Always make sure you fully understand all the "fine print" before accepting a small business loan. This may include the loan cost, repayment structure, and term.

Here's what you need to watch for:

APR
The annual percentage rate, or APR, is the cost of a loan factoring in the interest rate and other fees. By comparing APR, you can ensure you're taking into account all fees across the board.

Loan Fees
You might think you're getting a great deal on a loan but always check for hidden fees which may make the loan less attractive.

These can include:

  • Origination Fee
    This fee is the cost the lender incurs to make the loan. It covers things like administrative fees. In most cases, origination fees are given as a percentage of the principal loan.

  • Application Fee
    When applying for a loan, companies run a background check and acquire your credit report. Sometimes, lenders pass on this fee to you in the form of an application fee.

  • Guarantee Fee
    The SBA doesn't directly make the loan, but it does guarantee part of the loan for the lender. In order to do this, they have to pay a portion of the loan upfront. Sometimes this fee is passed onto the applicant.

  • Late Payment Fee
    Some lenders charge an added fee if you're late making a payment. To avoid this, consider setting up automatic payments from your account.

  • Prepayment Fee
    Paying off your loan early can cost you a fee. The fee is calculated as a percentage of the outstanding principal at the time you decide to pay it off.

  • Check Processing Fee
    Sending in payments via check may cost you a processing fee. Discuss this with your lender to ensure you won't be billed for your chosen payment method.
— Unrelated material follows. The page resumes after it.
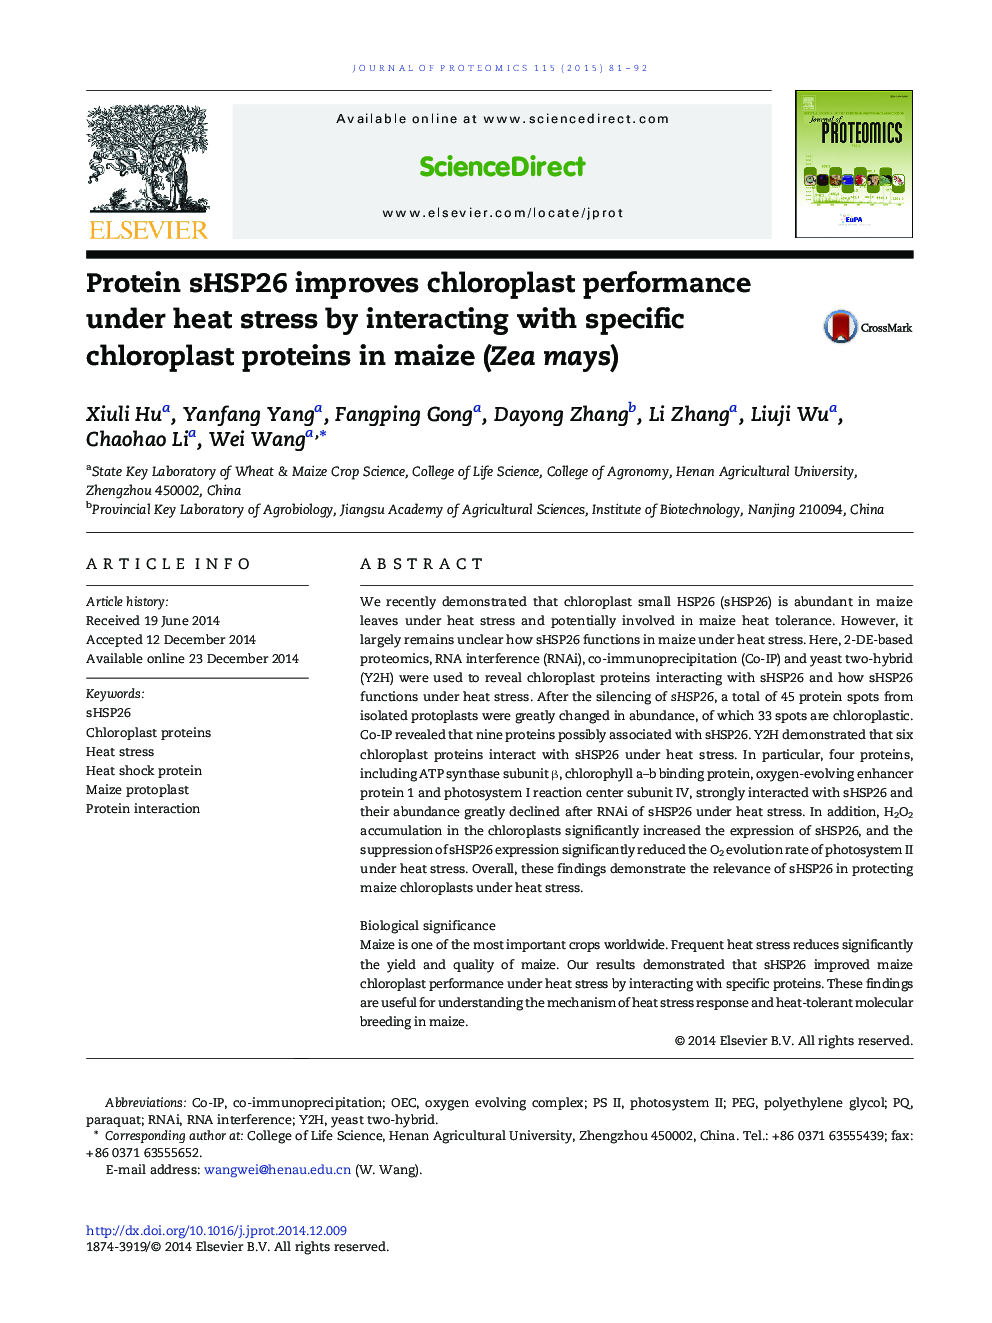 Protein sHSP26 improves chloroplast performance under heat stress by interacting with specific chloroplast proteins in maize (Zea mays)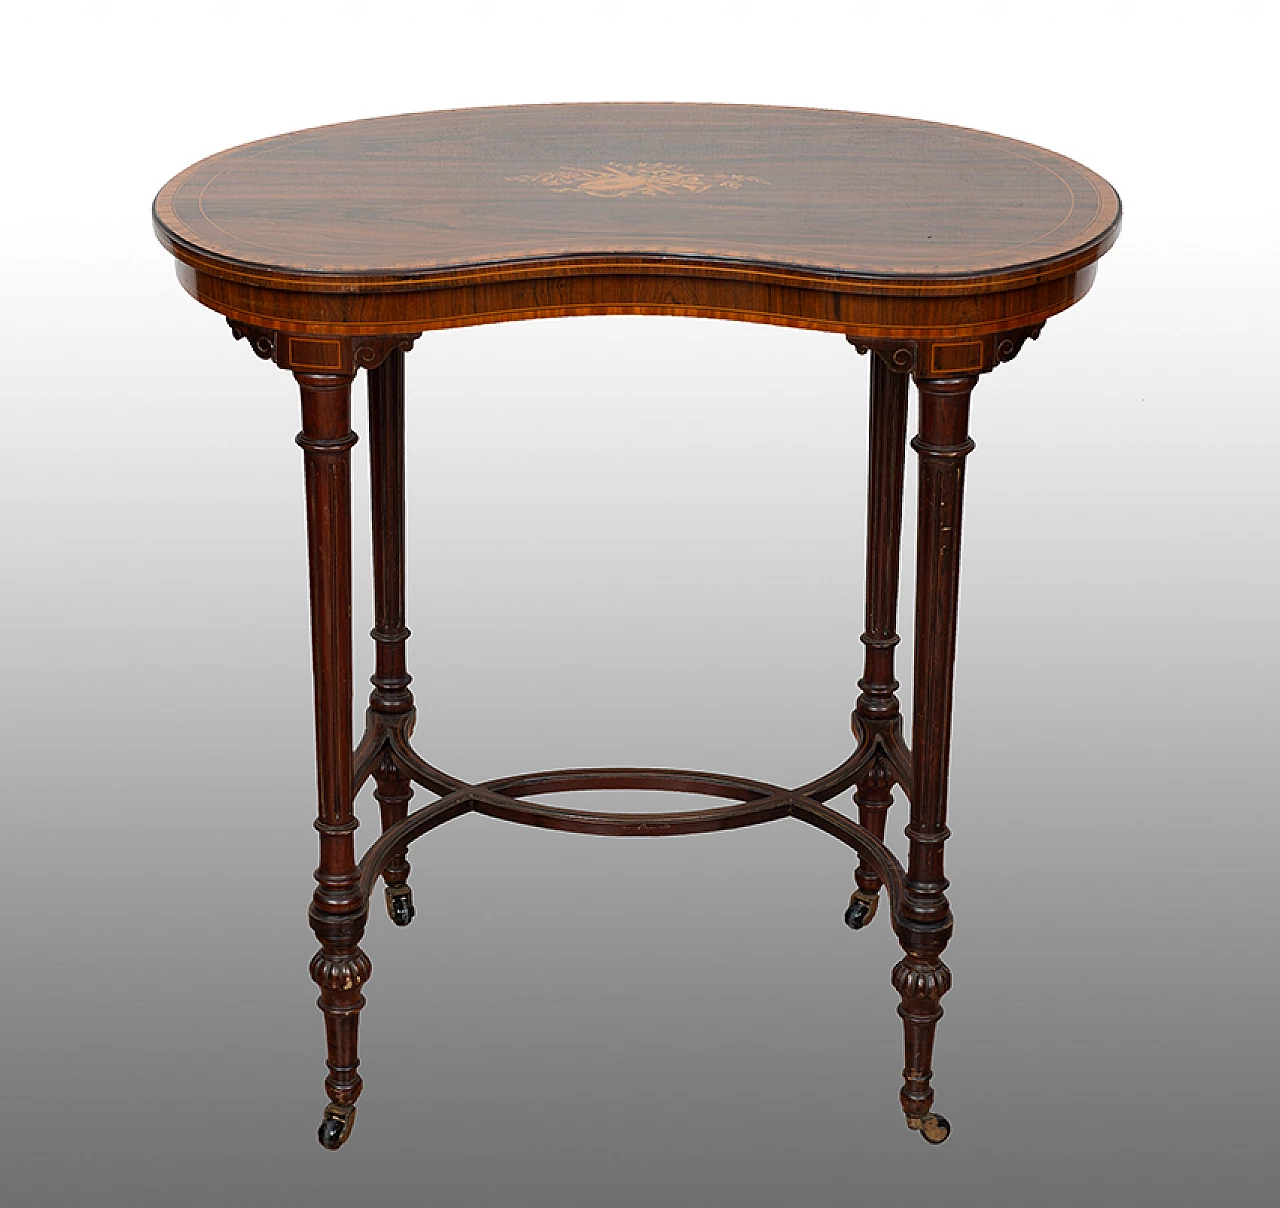 Eduardian coffee table in exotic precious woods with maple inlays, 19th century 1

Be Wary of Predatory Lenders
Watch out for these warning signs when shopping for loans:
  • Interest rates significantly higher than market value
  • Fees greater than 5% of the loan value
  • No APR disclosed
  • No repayment schedule disclosed
  • Lender pressuring you to take the loan
  • Lender asking you to lie on paperwork or leave boxes blank

If you are unsure about the lender you're dealing with, double-check with a financial professional.

THE BOTTOM LINE

A small business loan can help your business grow and thrive. But finding the right loan can have a huge impact on your company.

Improve your chances of getting approved by being prepared. And remember to pay off the loan as soon as possible to reap the benefits for your business.